O STF retoma nesta sexta-feira (15) o julgamento da deputada licenciada Carla Zambelli (PL-SP), acusada de porte ilegal de arma de fogo.
O Supremo Tribunal Federal (STF) retoma nesta sexta-feira (15) o julgamento da deputada licenciada Carla Zambelli (PL-SP), acusada de porte ilegal de arma de fogo e constrangimento ilegal contra o jornalista Luan Araújo, em 29 de outubro de 2022, véspera do segundo turno das eleições presidenciais. Na ocasião, Zambelli sacou uma arma em via pública, no bairro dos Jardins, em São Paulo, e apontou o armamento para o jornalista, apoiador do então candidato Luiz Inácio Lula da Silva (PT).

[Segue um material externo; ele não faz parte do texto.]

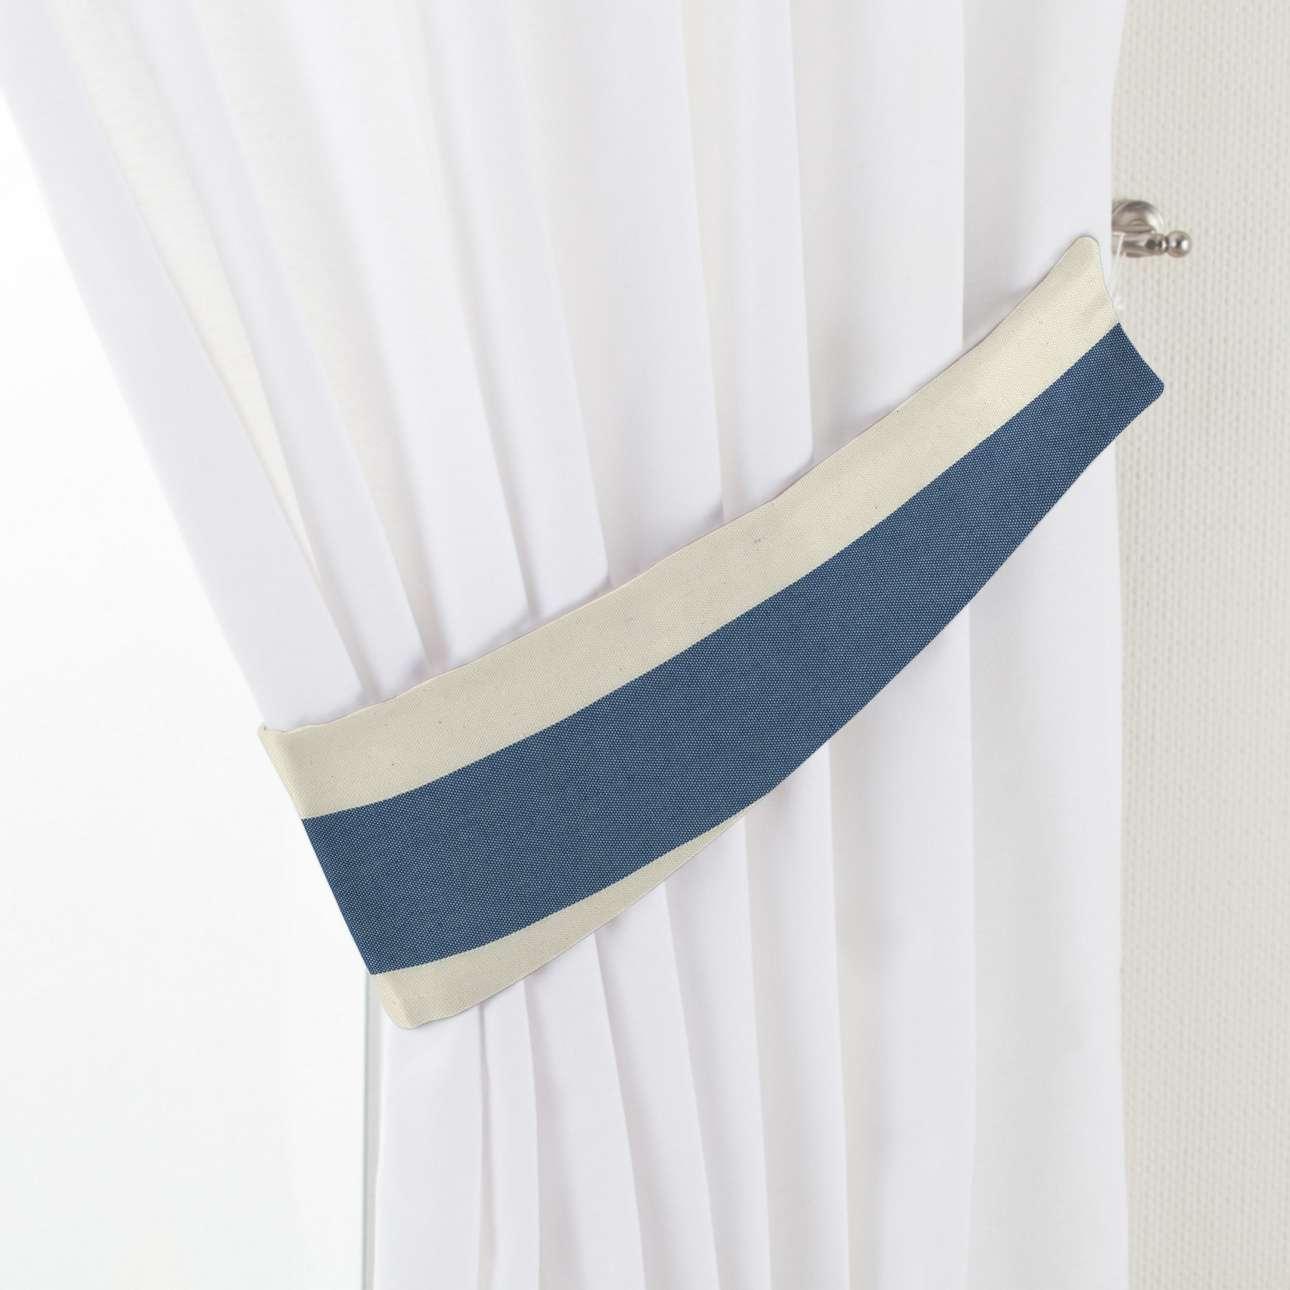 Úchyt Victoria, 1ks V kolekcii Quadro, tkanina: 142-70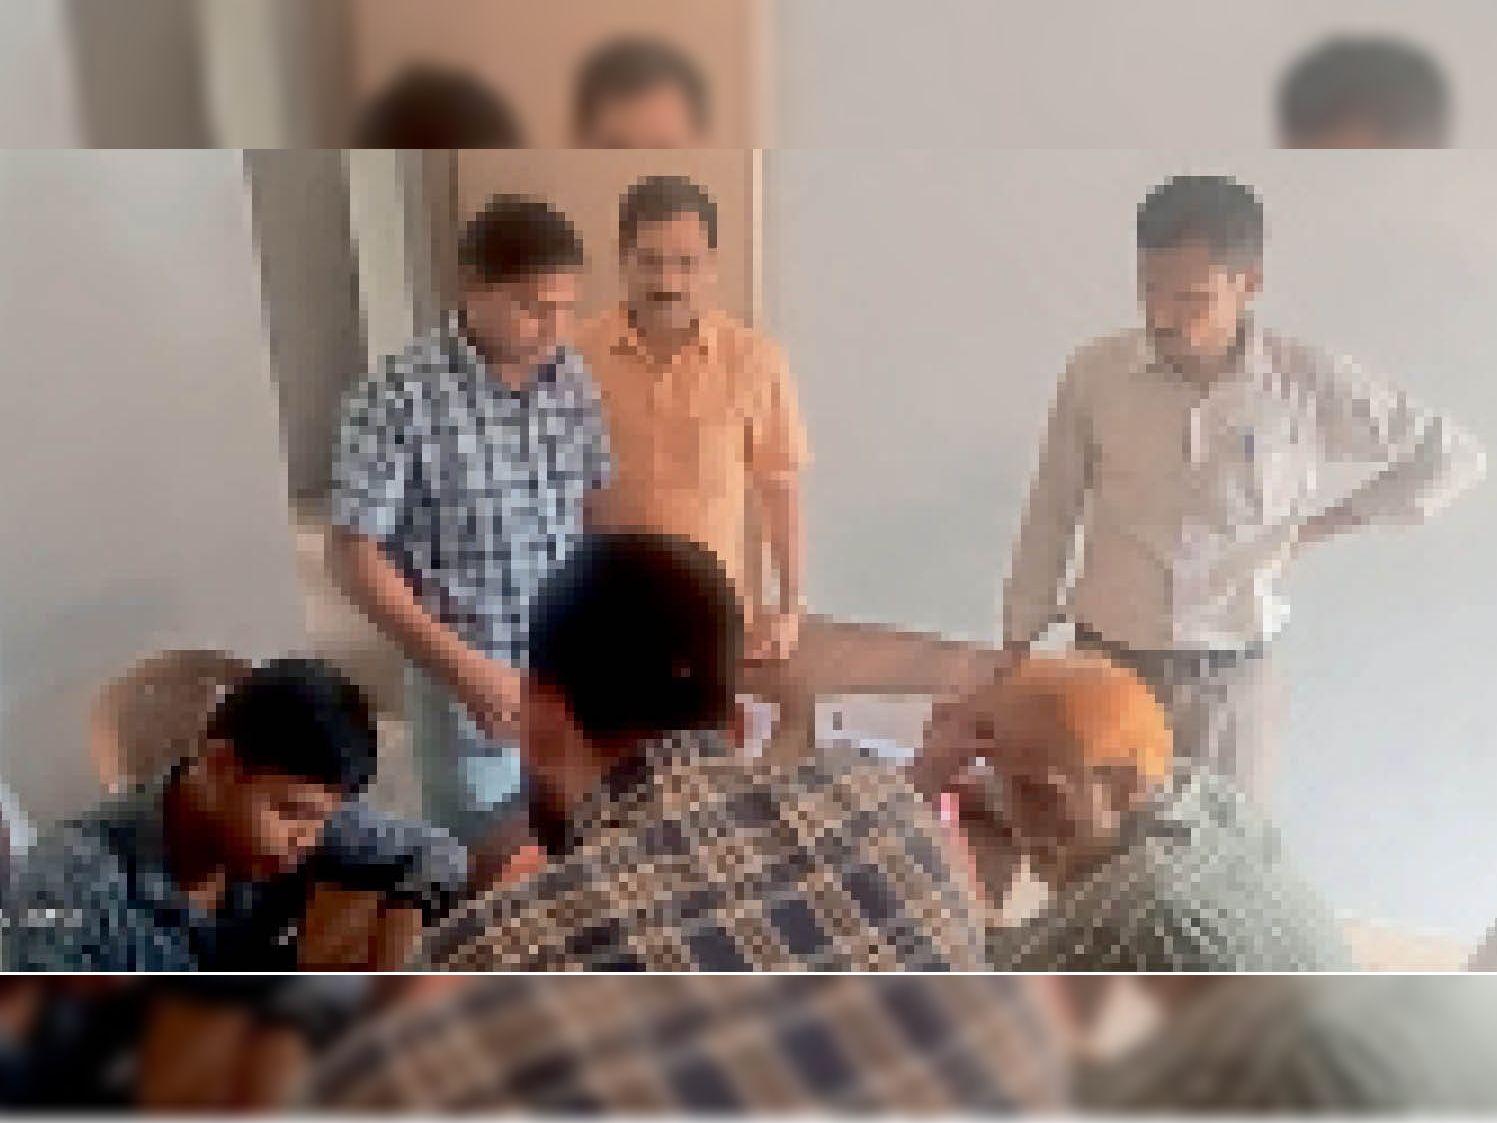 पटवारी कार्यालय में पहुंचे किसान। - Dainik Bhaskar

Segundo o Ministério Público, a parlamentar violou os limites legais do porte de arma para defesa pessoal, que proíbe o uso ostensivo em locais com aglomeração. Ainda conforme a denúncia, Zambelli teria constrangido a vítima ao ordenar que se deitasse no chão sob a mira da arma.
Maioria pela condenação
O julgamento do caso teve início em março e já conta com maioria formada pela condenação da deputada a 5 anos e 3 meses de prisão, além da perda do mandato. O relator do processo, ministro Gilmar Mendes, foi acompanhado por Cármen Lúcia, Alexandre de Moraes, Flávio Dino, Cristiano Zanin e Dias Toffoli. O processo foi temporariamente suspenso após o pedido de vista do ministro Nunes Marques, mas volta agora à pauta para deliberação final.
Zambelli está atualmente detida em Roma, na Itália, enquanto aguarda o andamento do processo de extradição. A prisão decorre de outra condenação já transitada em julgado, imposta pela Primeira Turma do STF, por envolvimento na invasão dos sistemas do Conselho Nacional de Justiça (CNJ) e inserção de documentos falsificados. A decisão fixou pena de dez anos de prisão, pagamento de R$ 2 milhões e a cassação do mandato parlamentar.
De acordo com a Procuradoria-Geral da República, a deputada orientou o hacker Walter Delgatti Neto a produzir um mandado de prisão fraudulento contra o ministro Alexandre de Moraes, como se tivesse sido assinado por ele próprio. Zambelli foi detida em 29 de julho, após quase dois meses foragida.
Câmara analisa execução da cassação
Na Câmara dos Deputados, o processo de execução da perda de mandato referente à condenação pelo caso do CNJ avança sob responsabilidade da Comissão de Constituição e Justiça (CCJ). No início de agosto, a CCJ aprovou os nomes que serão ouvidos na tramitação. Um pedido da defesa de Zambelli para acareação com Delgatti foi negado por falta de previsão regimental.
A parlamentar será ouvida por videoconferência. A formalização da cassação dependerá da conclusão de todas as etapas previstas no regimento interno da Casa.